I have in fact used that technique manually once in a while to land in a tight spot. For example, one time I was flying very high over a soccer field when a team showed up and started to practice, so I could not land on the field. I found a small patch of grass to land on, I put my plane into a helical spiral, and landed it that way. Of course, this was manual control, but I don't think it would be too hard to program up autonomous controls to do the same thing. The idea intrigues me, I will put it on my list of things to try out some time.

Best regards,
Bill
Comment by Tj Bordelon on September 20, 2010 at 7:20pm
Hey Bill - Yep, I've tried the spiral. I can do it manually too but I discovered flying below the tree line is just bad in general for my AP. First, tight circles pull plenty of G's and very tight circles for >30 seconds start to confuse my IMU. I haven't debugged this fully, but it seems to be a combination of things. And GPS starts to get a bit inaccurate below the trees, so I figured I had better just stay above the trees, dive bomb and land.

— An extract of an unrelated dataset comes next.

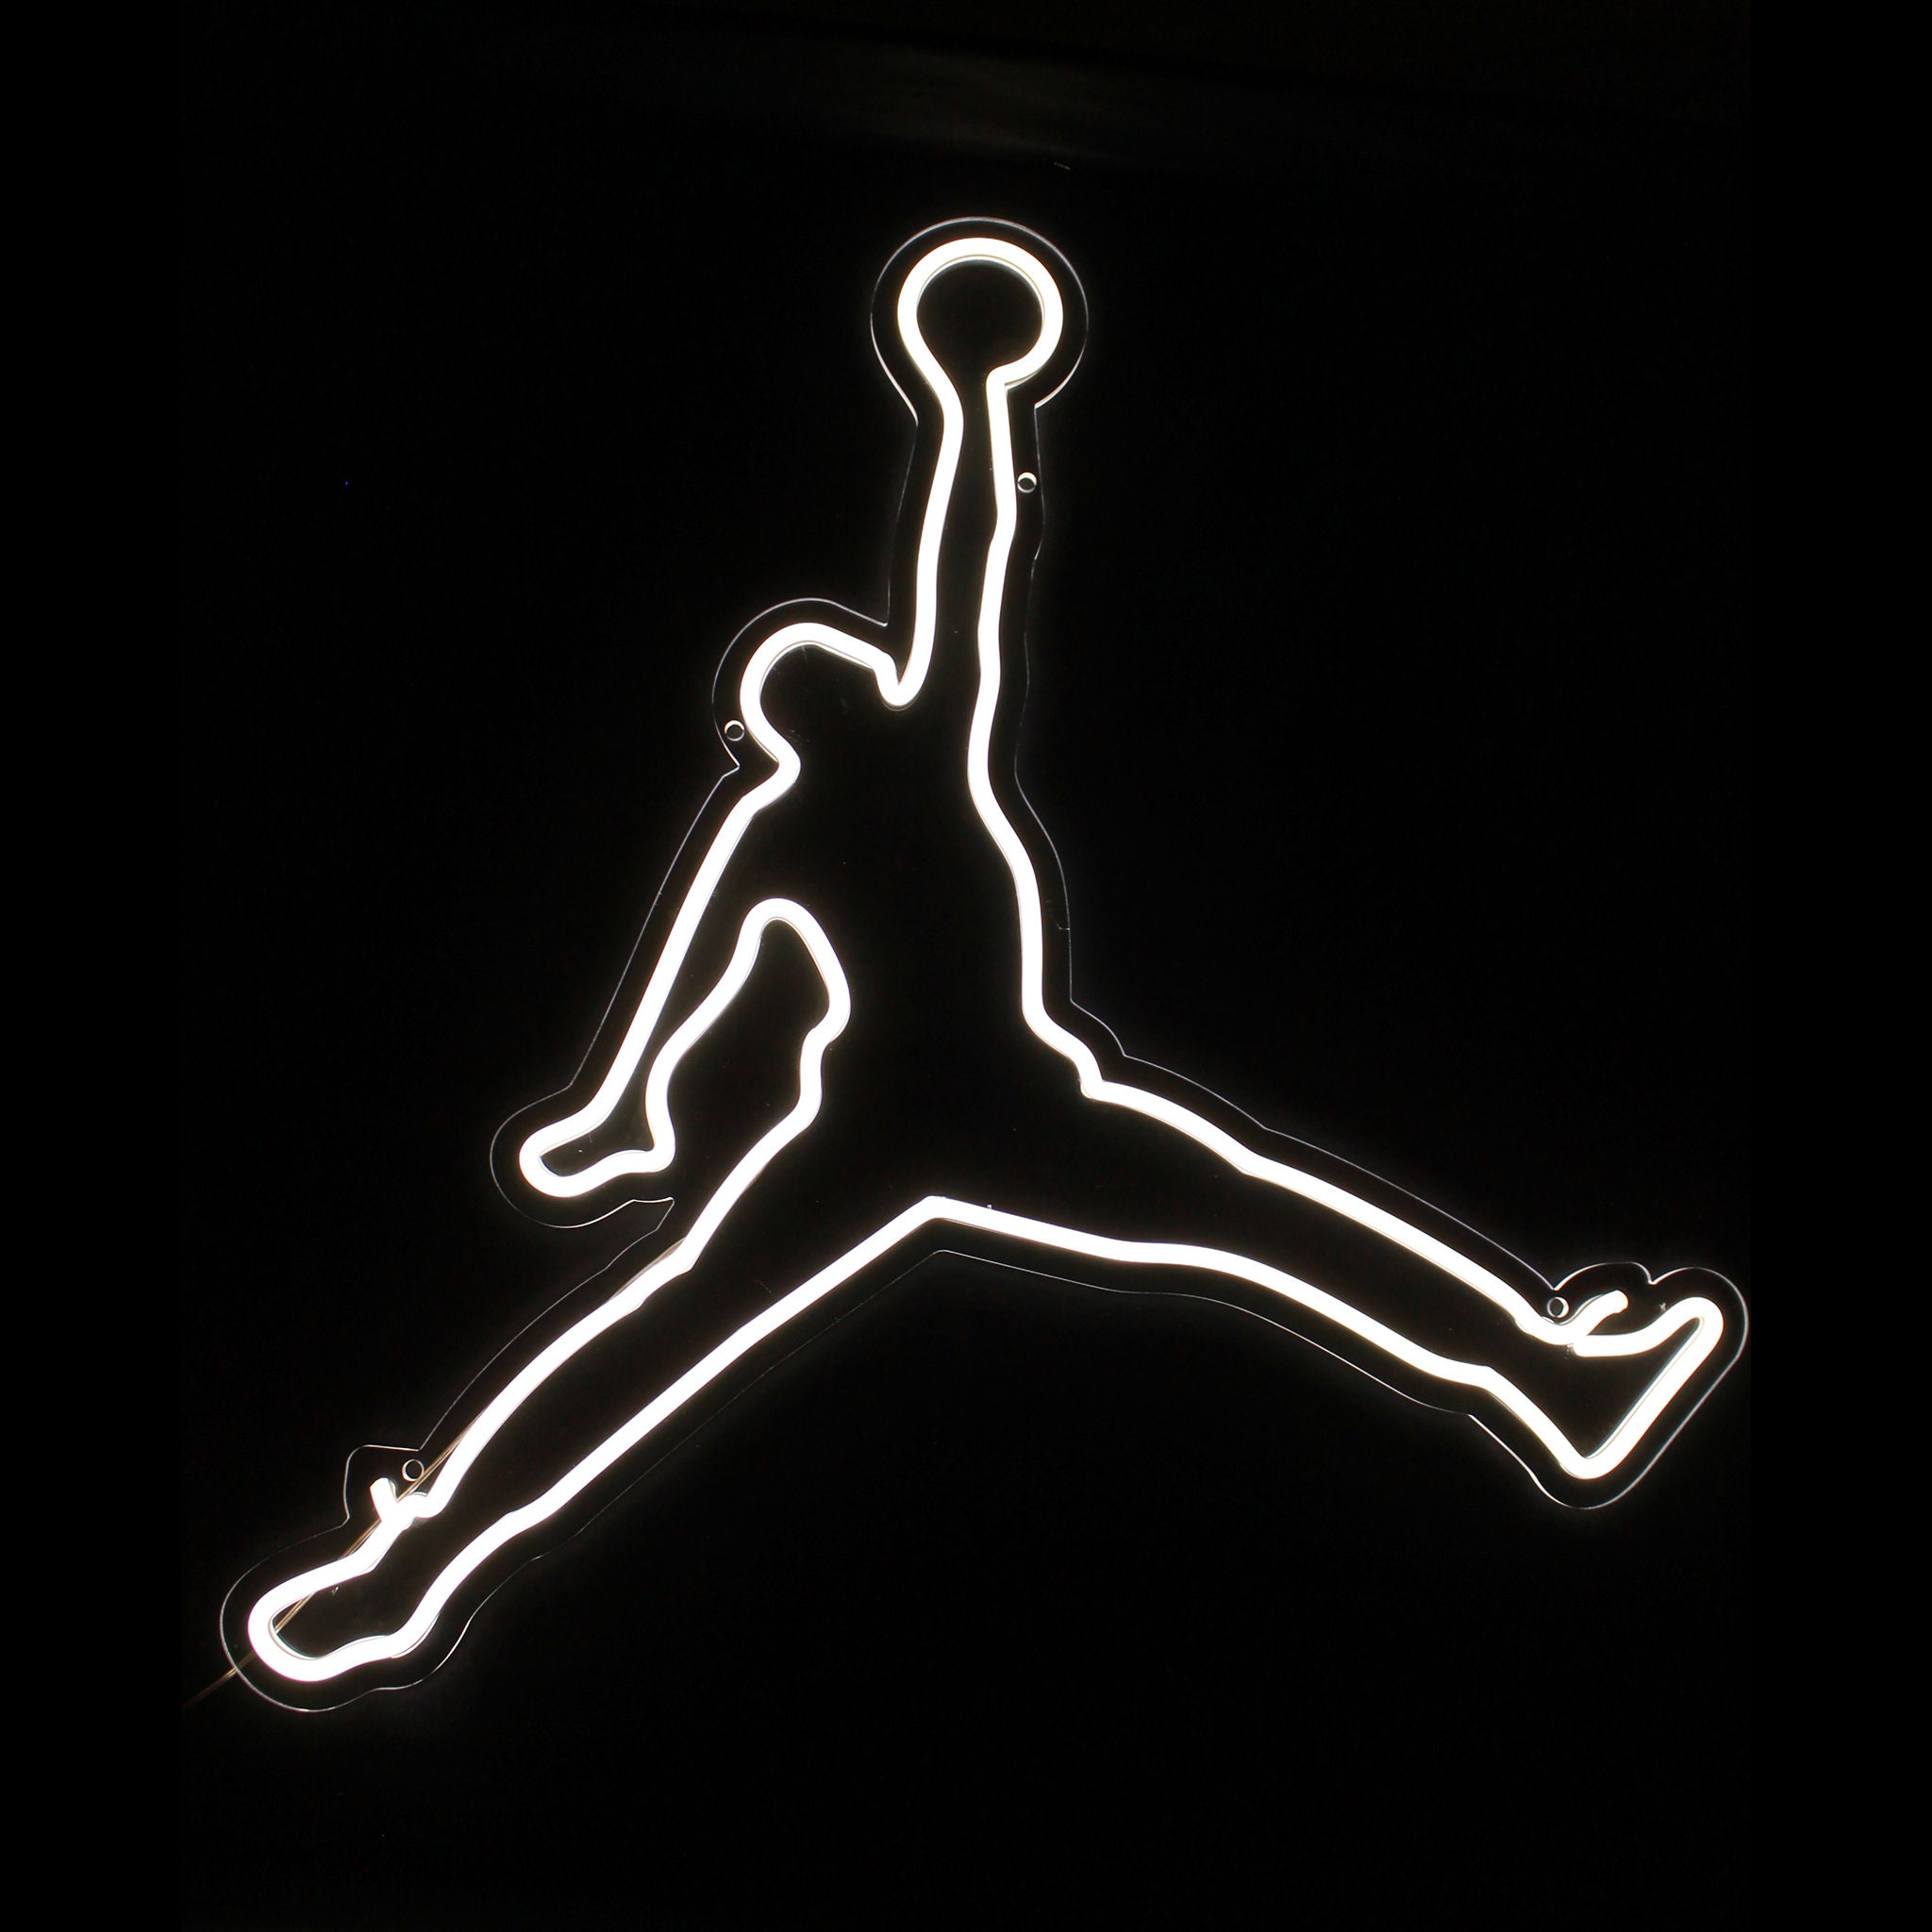 Air Jordan Led NEON Sign 75cm - Etsy 
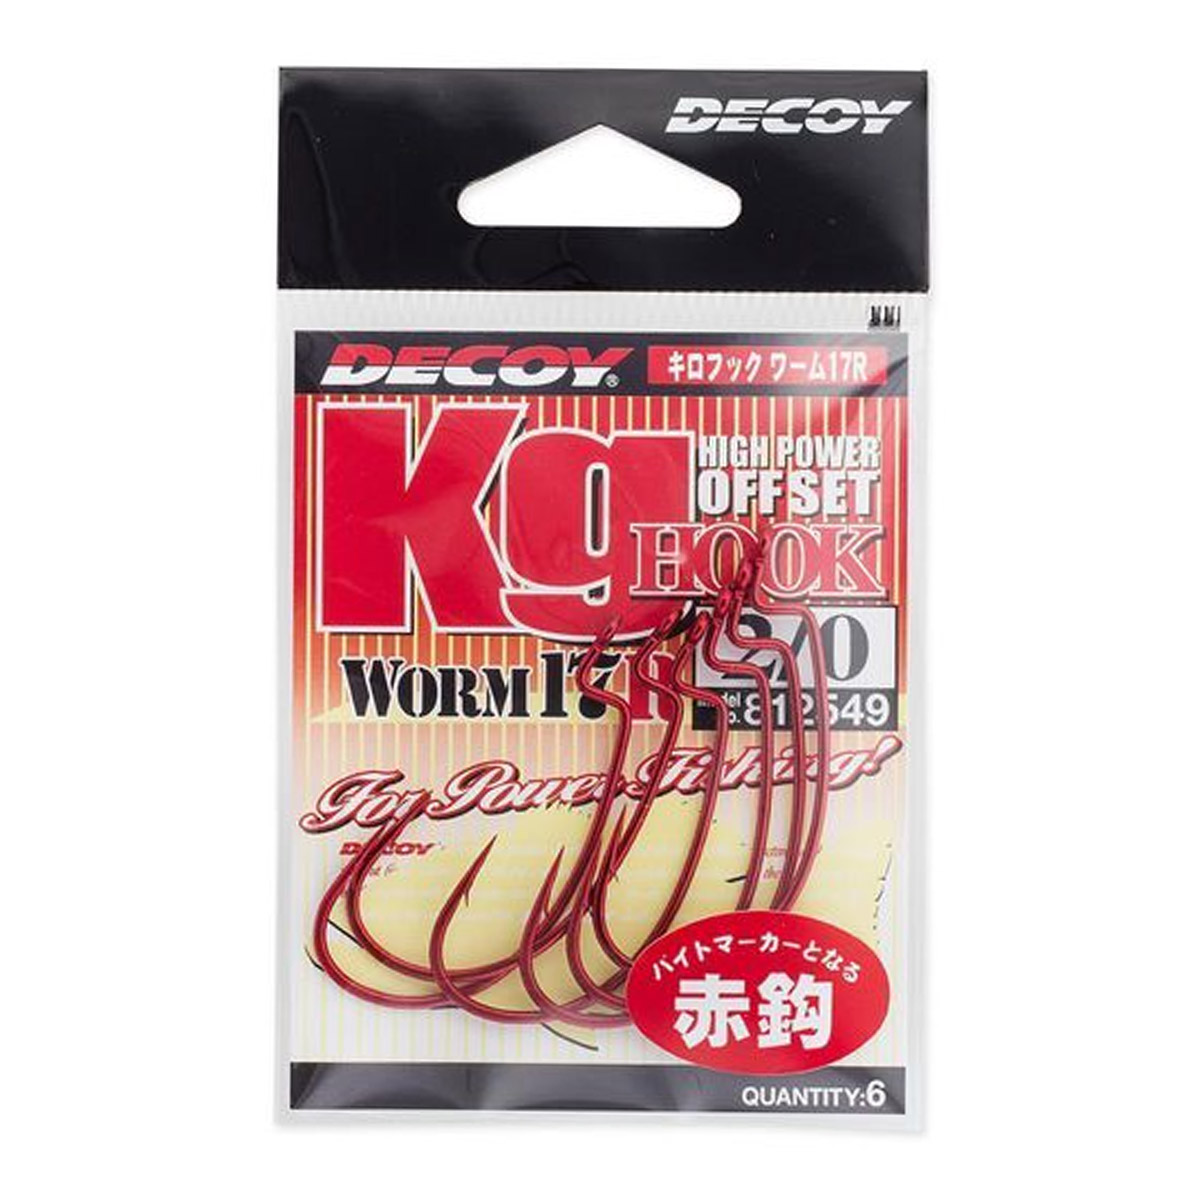 Decoy KG High Power Offset Hook Worm 17 Red

Maybe "folding" the landing pattern, where you just do a single turn at one side of the runway. That way you get double the distance. Anyway, it's nice to see someone else getting their EZ STAR landings perfected :)
Comment by passunca on September 21, 2010 at 3:37am
maybe we need to come up with some sort of DIY ILS system.
The ILS helps an airplan to ajust there landing vector by creating some sort of RF landing strip.
So... I think something similar can be achieved by using a webcam at the edge of the landing strip mounted with the desired landing angle.
The webcam (via the groundstation) would track the drone and provide feedback. The drone would be able to adjust its path according to the feedback from the goundstation.

Moderator
Comment by Ritchie on September 21, 2010 at 4:55am
Excellent
Comment by Tj Bordelon on September 21, 2010 at 6:20am
I have often wondered if this could be done easily with a 2 big IR LEDs at the foot of the runway. See both = lined up. See more of one than the other = off to the side. I bet it could be done very simply. The webcam sounds workable as well, providing you want to land by the laptop. Which in my case is usually where I want.
Comment by passunca on September 21, 2010 at 7:11am
well you can put those IRLEDs on the drone and you only need to remove the IR shield from the webcam and puff that damn thing will light up on screen like nothing else.
Comment by Tj Bordelon on September 21, 2010 at 7:42am
I like it! That would get your landing SPOT ON. My only regret is that I have made my ground station so simple. I have no laptop, only a very low power micro and 256x128 green screen display. I'd have to do a bit of work. But that kind of system would probably allow me to land in the 100 feet of space in my backyard, only I'd have to have a net at the end :)
Comment by Tj Bordelon on September 21, 2010 at 7:48am
OH- but remember latency. Ideally you want the IR camera on the plane so you can keep the RF modem latency out of the loop.
Comment by Rana on September 21, 2010 at 7:59am
Billu Bhaiya, I do agree with you, it is really nice approach for autonomous landing without ultrasonic range finder.
But you would also be having similar views as mine and that is, it only a temporary concoction if ultrasonic range finder is not used.